# What is required
Skip the pictures. Give all the data again exactly.

# Recorded information
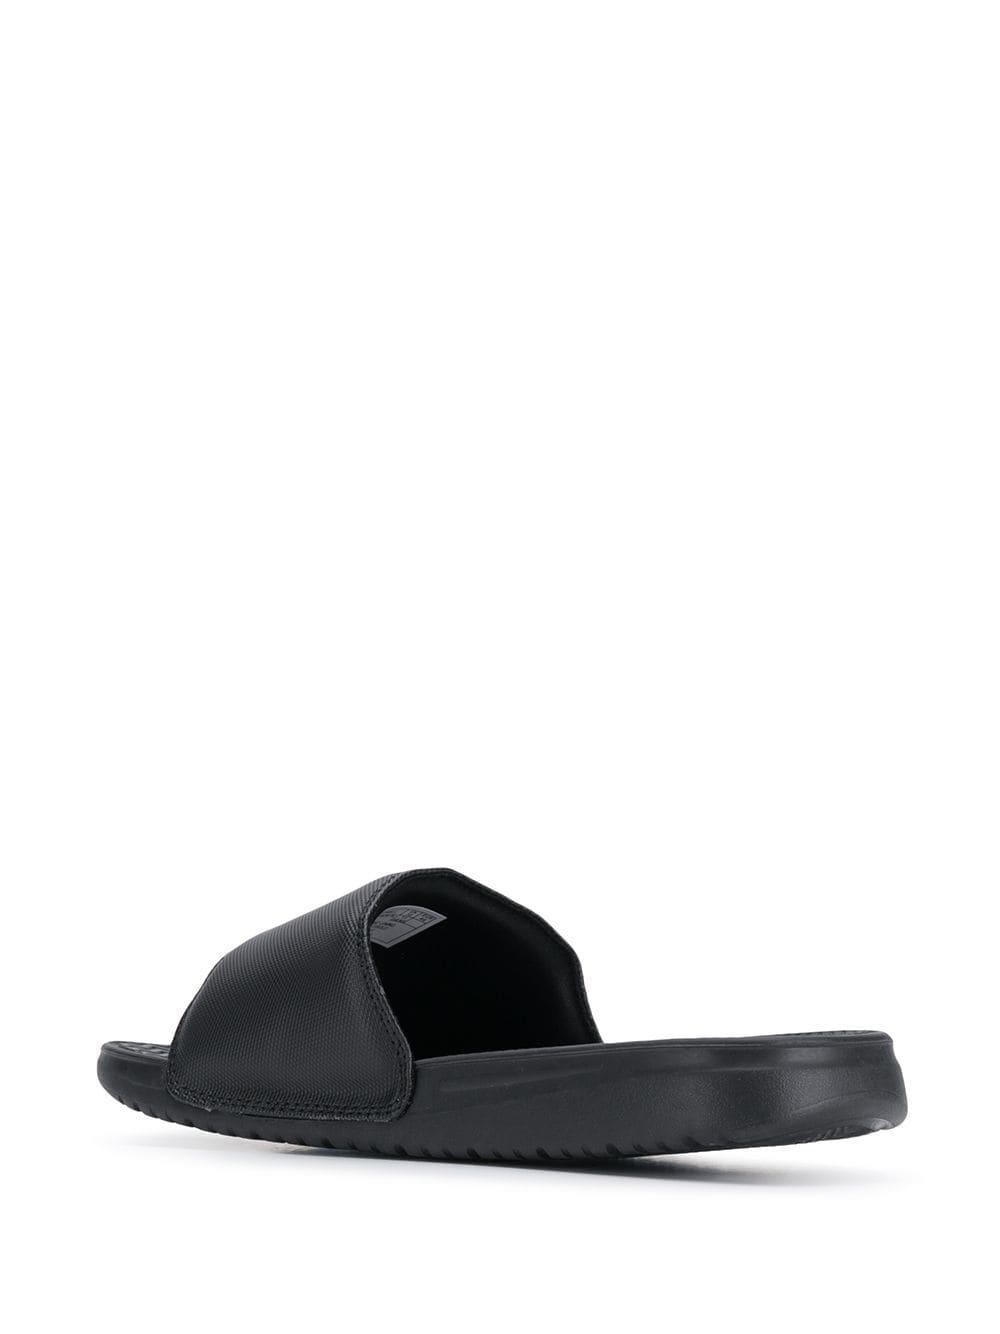 5573563c3028 Lyst - Polo Ralph Lauren Logo Patch Slides in Black for Men
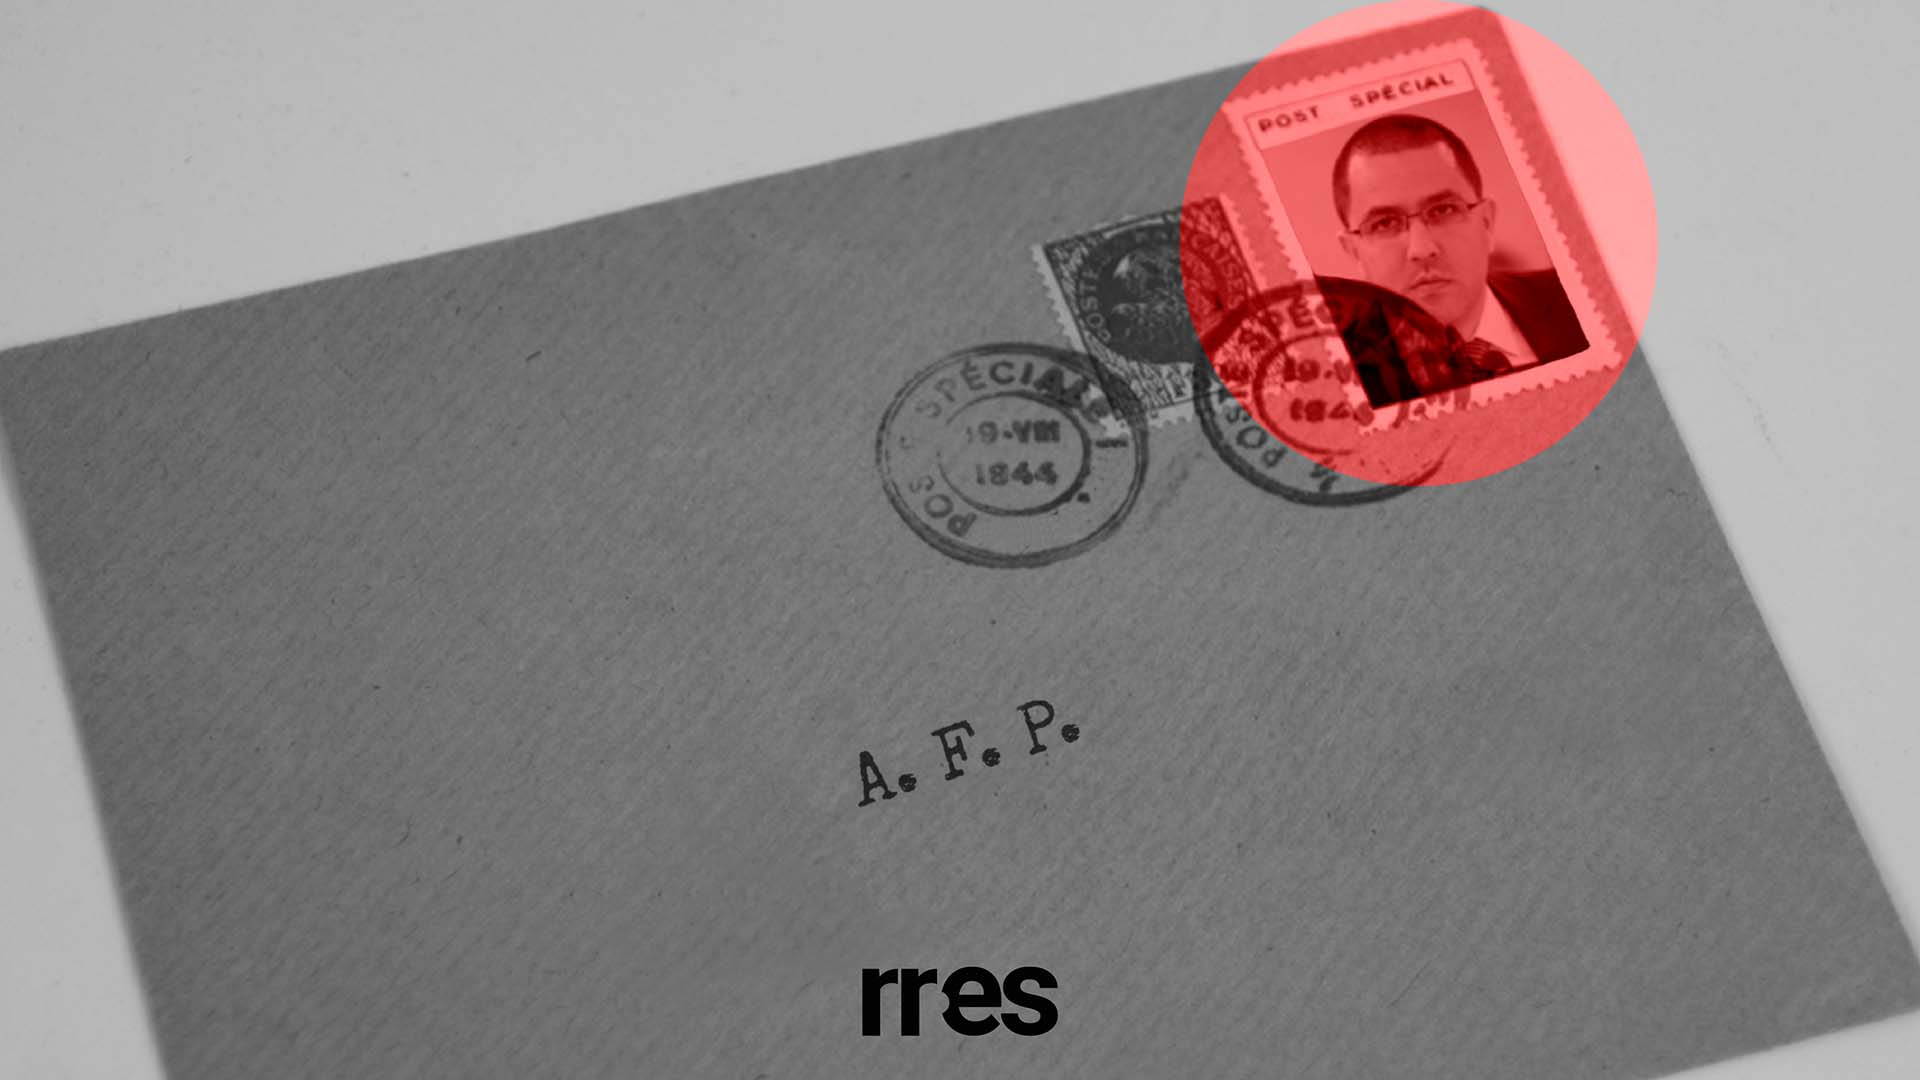 Runrunes de Bocaranda | La carta de Arreaza a la AFP… ¿de Cipriano Castro a Maduro?
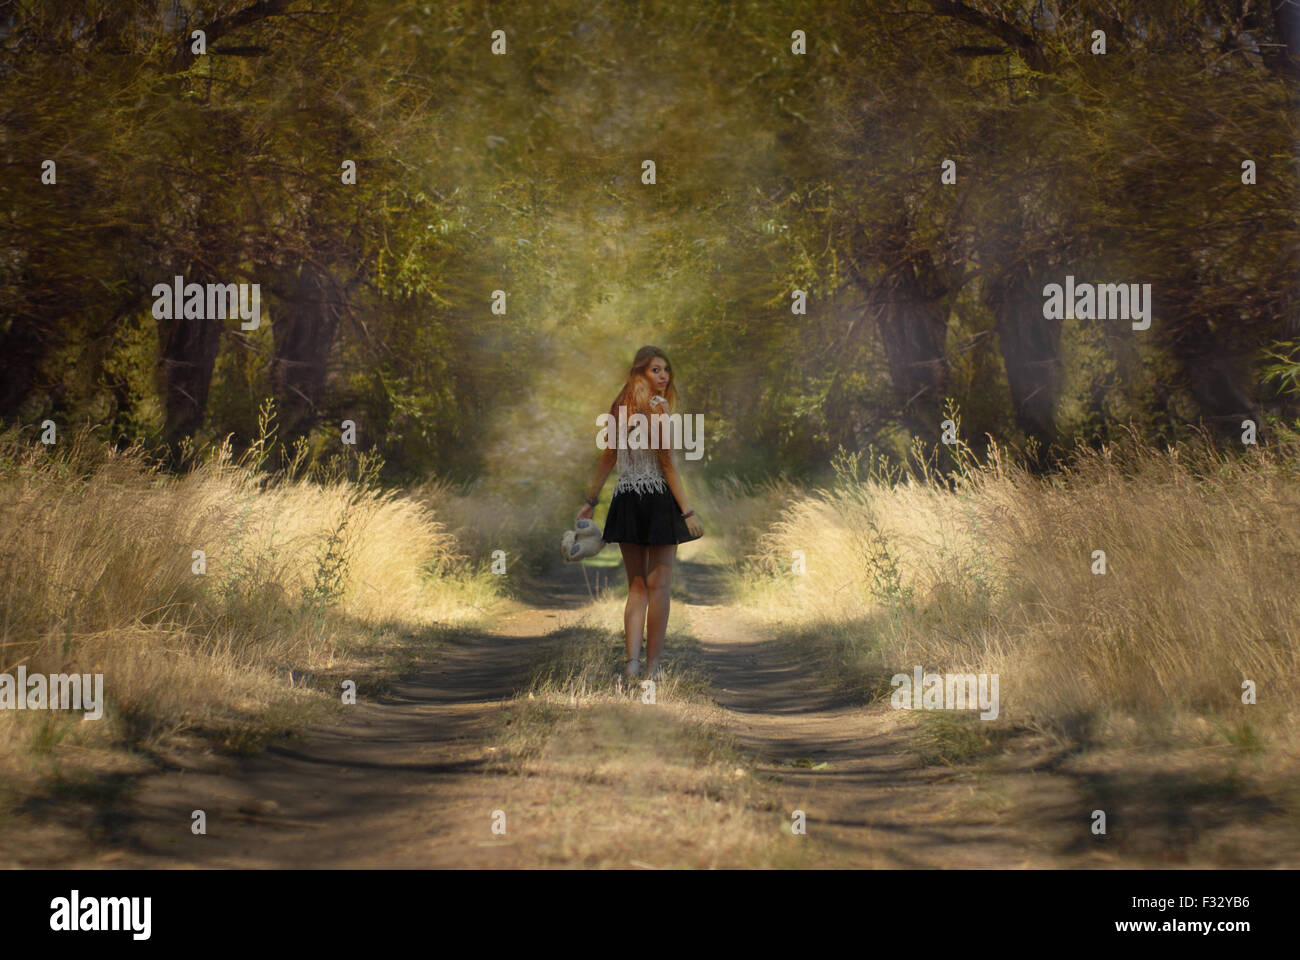 Großes Mädchen zu Fuß Trouhgt den Wald im Rückblick Stockbild

# Output of the exercise
 5573563c3028 Lyst - Polo Ralph Lauren Logo Patch Slides in Black for Men
 Runrunes de Bocaranda | La carta de Arreaza a la AFP… ¿de Cipriano Castro a Maduro?
 Großes Mädchen zu Fuß Trouhgt den Wald im Rückblick Stockbild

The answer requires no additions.